Much of today’s excitement and press related to the Internet of Things (IoT) revolves around the data and analytics generated from new IoT applications and how to apply them to changing business models. Though we do discuss the “things” in IoT, to me they get short shrift when it comes to the discussion. Obviously without these things there would be no IoT. But just how hard it is to actually measure and gather the data and then adjust the devices is often ignored in our excitement to discuss the value of the data.
After spending a few days at National Instruments NIWeek 2016, I think I have gained a new appreciation for the complexities when it comes to actually getting to the data and making it useful. And NI is a key player in the data acquisition, monitoring and control, for at least the foreseeable future
Now, NI is about as “geeky” a company as you can find. Founded in 1976, NI is known as a leading provider of test, measurement and control equipment, and if ever there were a non-glamour subject to most people, these topics would be it. However, ask an embedded engineer or developer, and NI’s LabVIEW software and accompanying hardware has a firm place in their heart for actually developing and deploying systems.

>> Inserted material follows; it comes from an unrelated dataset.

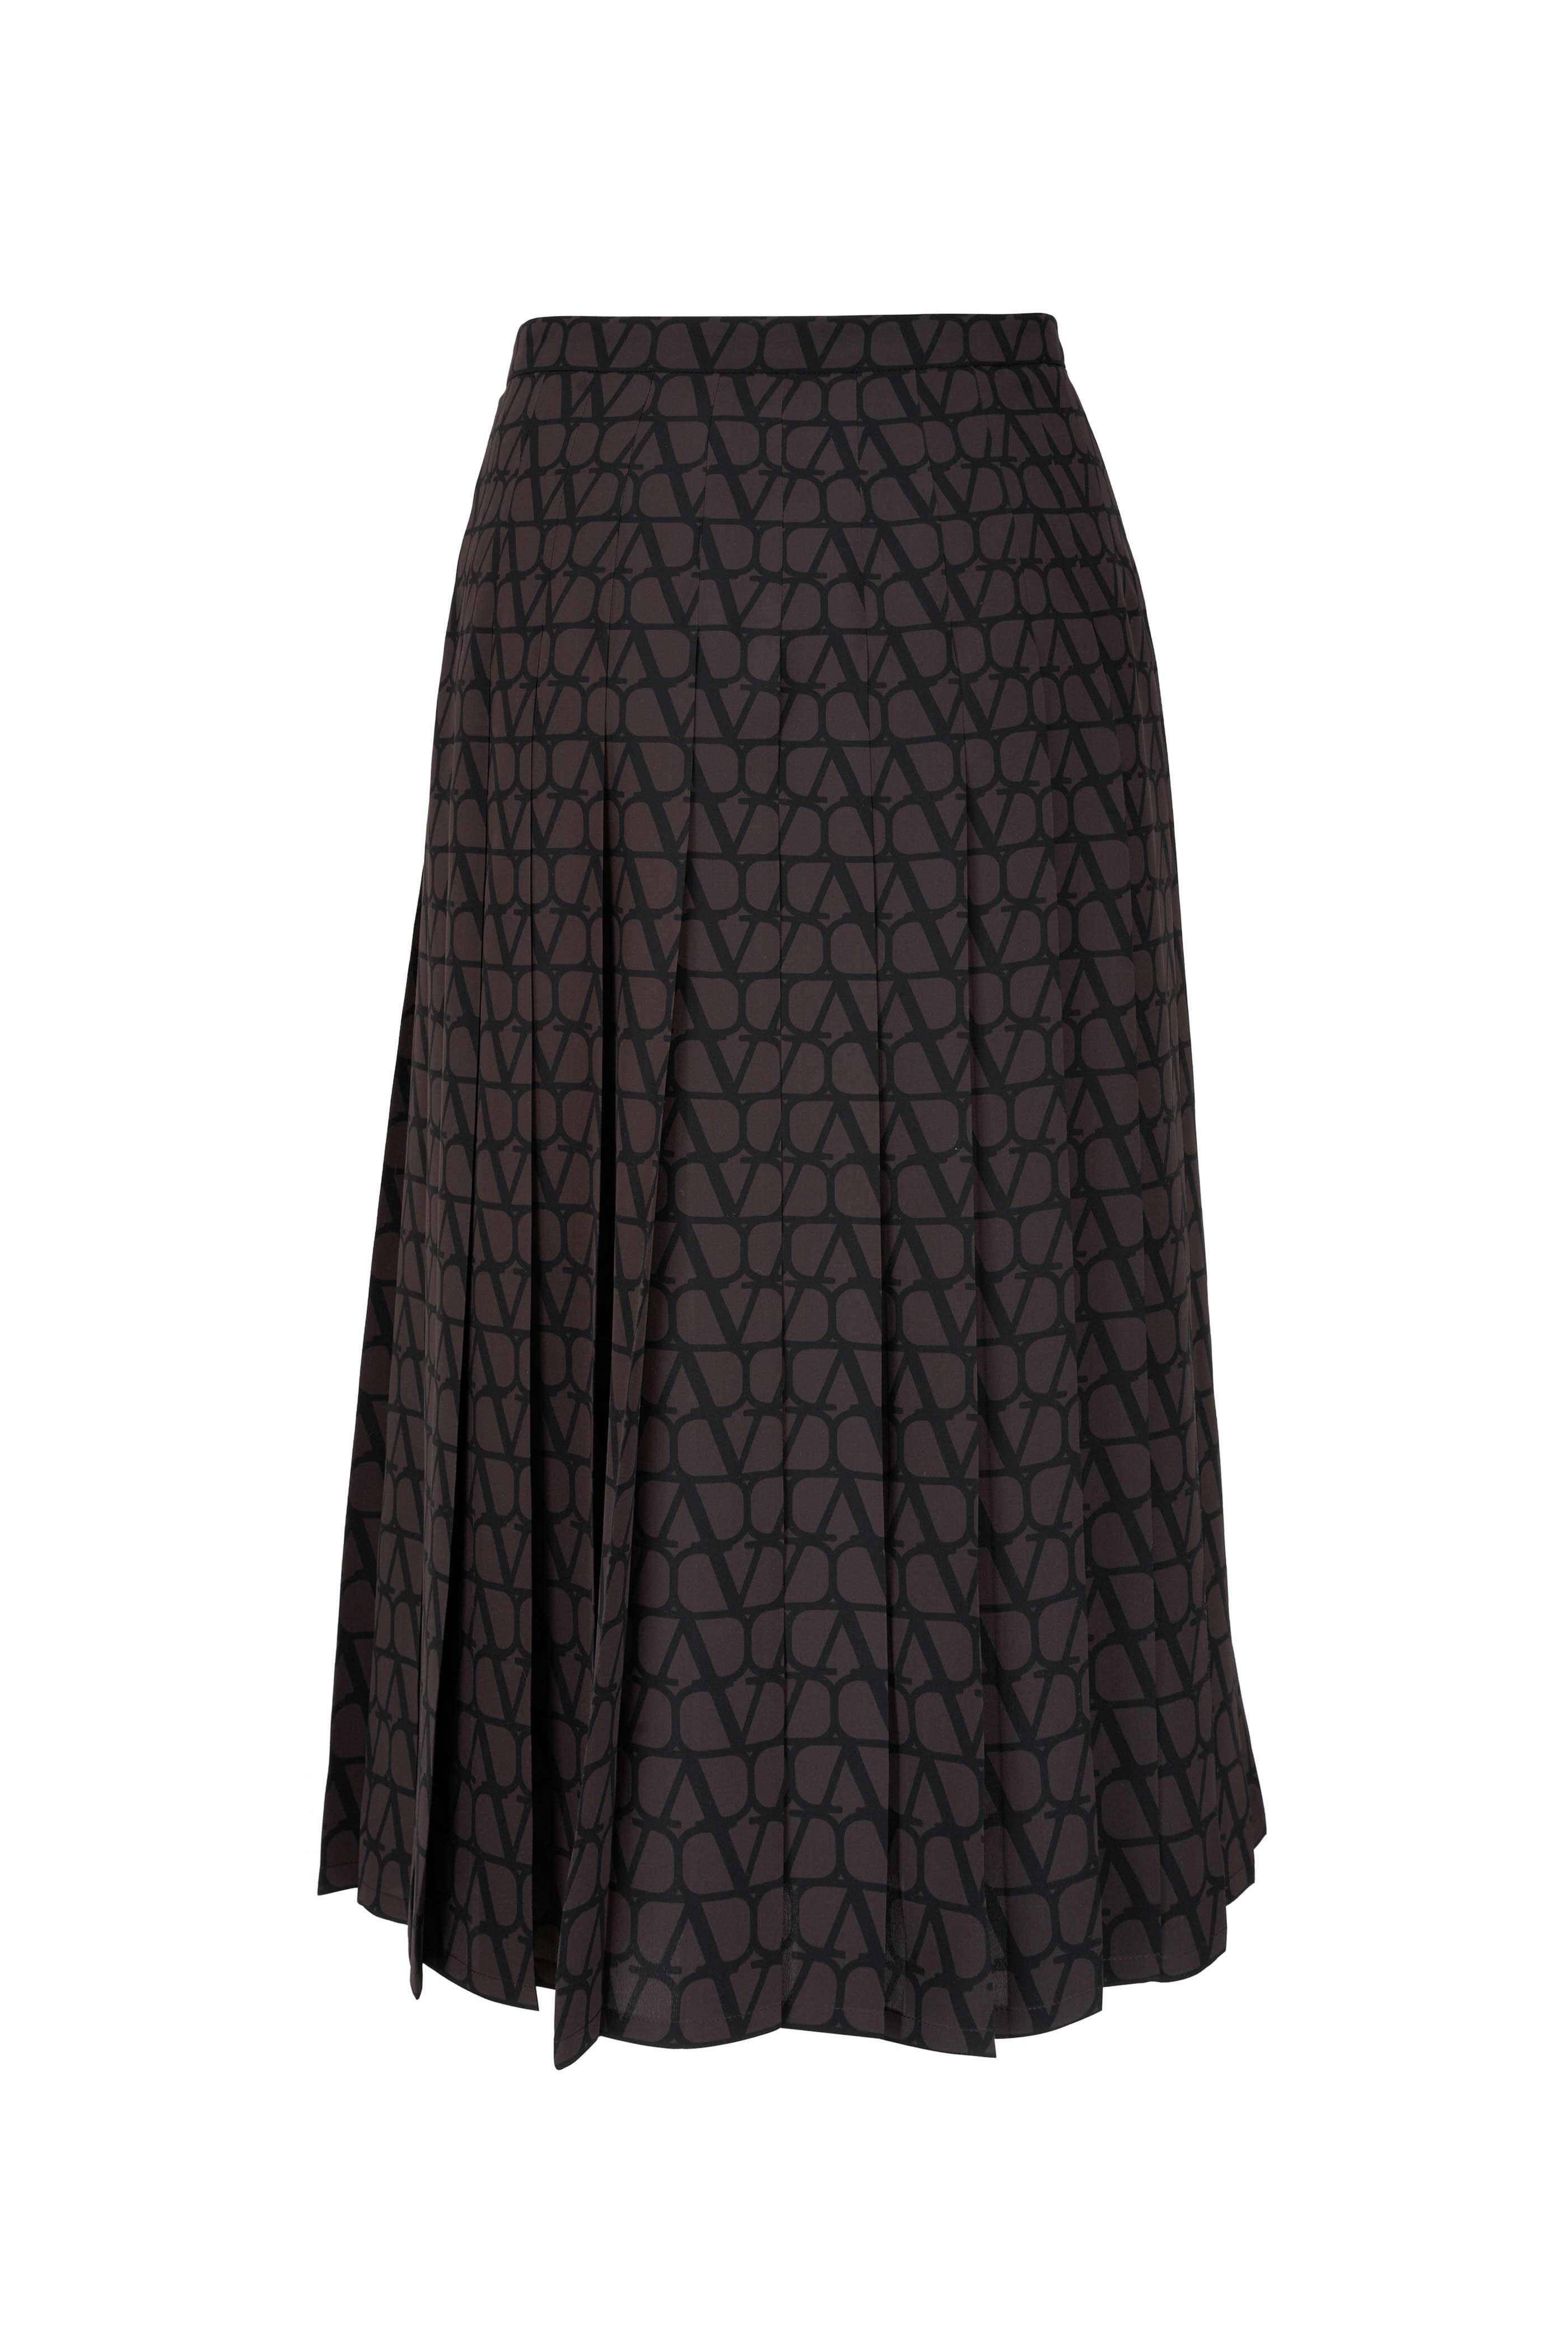 Valentino - Brown & Black VLogo Silk Skirt | Mitchell Stores

(Image Courtesy of National Instruments)
In easy to understand terms, what does NI provide? If you have a widget, say an engine, and you want to design a system to control and monitor that engine, NI can provide the software (LabVIEW) and the hardware (test and measurement as well as the controllers) to make it possible. Now that’s IoT, and NI has been doing it since 1976.
So, what’s so hard about “getting the data from the things”? Just about everything: the environment(s) they have to work in, networking multiple systems together and actually connecting to things to get to the data.

- The Environment: Think shop floor: dirt, dust, loud noises, heat, humidity, just about every bad thing you can think of. But that’s not all. Think about really harsh environments outside, like oil rigs in the Arctic or at the equator.
- Networking: Not only do the networks have to exist in harsh environments, but they have to coexist with interference from spinning wheels, motors, generators, microwaves, etc. Now extend that single network to supporting several of these systems on a manufacturing line—all that needs to be monitored, with timing coordinated to keep that line up and running.
- Getting the Data: So how do I connect a sensor to an actual motor? First of all, do I have an existing system, or is this a greenfield (new) installation? Obviously, it’s easier in a new application where I can install sensors from the beginning, but a huge part of IoT is adding data collection, analysis and control to existing systems. Think about an existing motor or robot or factory line—what we call brownfield installations—that were never intended to be connected or measured. How do you retrofit a connection to these things?